No additional money has to change hands between anyone, and no additional permission needs to be granted from Microsoft to anyone. (You have to get the permission of someone with physical access to the machine during boot, but if your goal here was FOSS users controlling their own computing, it's a good thing that that permission is required.)

IFF you want to support the default set of keys installed on computers that ship with Windows. Secure Boot does not prevent you from installing your own keys, in fact most linux distributions do this already and just use a shim loader signed by Microsoft, the rest of the chain is signed by custom keys (the keys are silently and automatically installed for you).
> IFF you want to support the default set of keys installed on computers

Which happens to be a case if you want to use a extension card with its own BIOS. If it is signed, what key is used? Can you resign with your own?

IIRC, Secure Boot spec said there must be multiple trust anchors, i.e. it's not like "user's own or Microsoft", but there can be any combination of trusted CAs (and I bet there's NSAKEY somewhere, huh).
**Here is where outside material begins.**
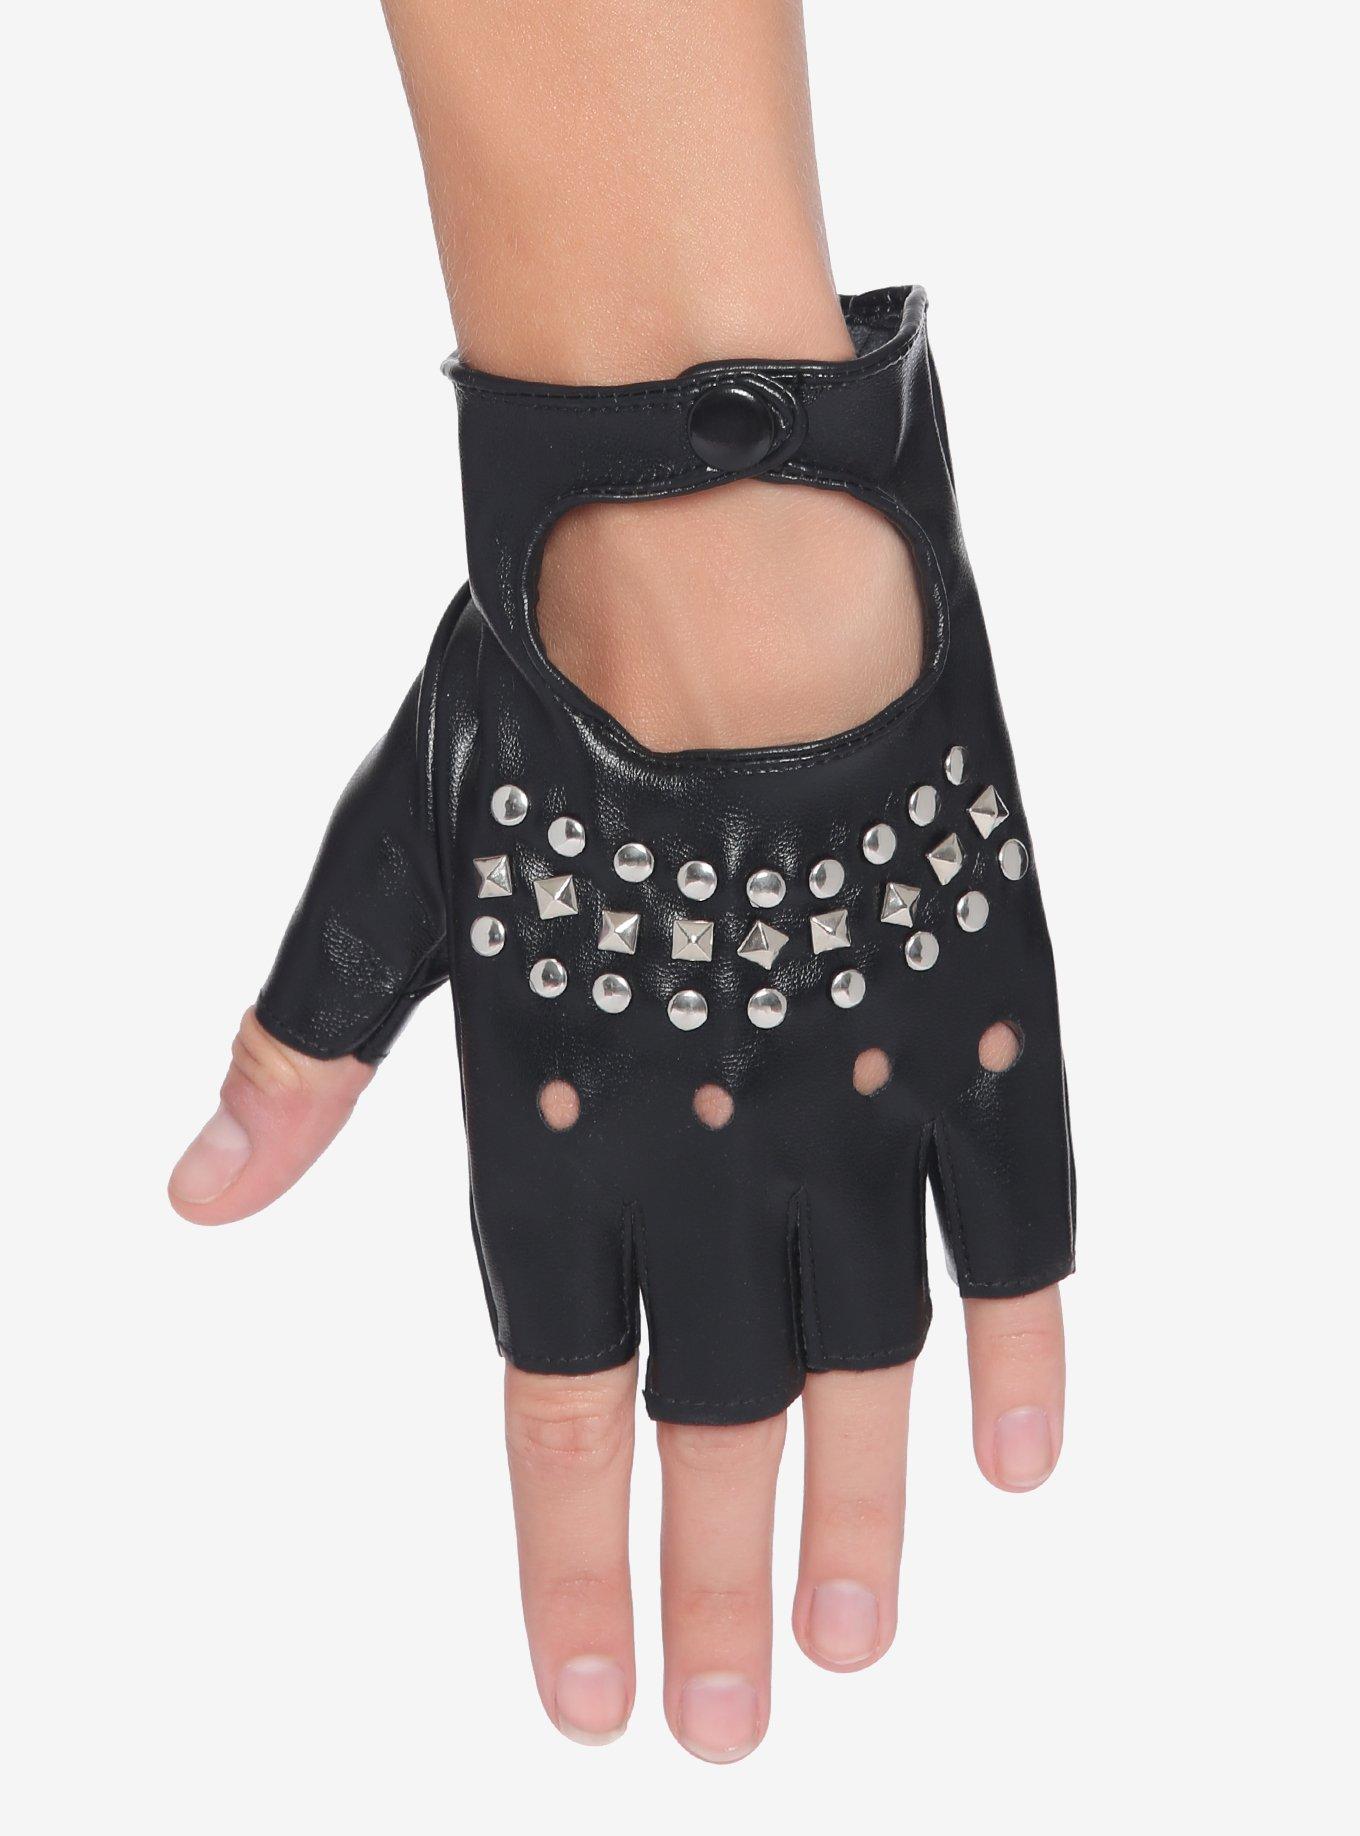 Studded Black Fingerless Gloves, , alternate

I'm not sure about the implementations and real-world situation, but as far as I get it, with X.509 with Secure Boot generally uses, one should be able put the exact card's vendor certificate (not MS CA root one) to trust the extension card. (Sadly, I think there's no way to trust one specific signature.) I guess that's probably very non-trivial in practice.

At worst, one should be able to put their own CA (to sign their own software) and be forced to add MS CA to trust the third-party software as well. But - if UEFI implementation allows user-defined CAs - it should be possible to run your own code without asking Microsoft's permission.

You can add your own without wiping the pre-installed ones.
To be fair, I think this is only for tablet & mobile.

On desktops and laptops I've seen, there was a way for end-user to upload their own trusted certificates and use those instead of Microsoft ones, and I think that's when done like this (when, whatever the defaults are, end-user can get in control), Secure Boot is a good idea - even though the implementations are not.

I guess there must be some ignorant (or malicious) desktop/laptop vendors that don't provide key management options, but hope there isn't many.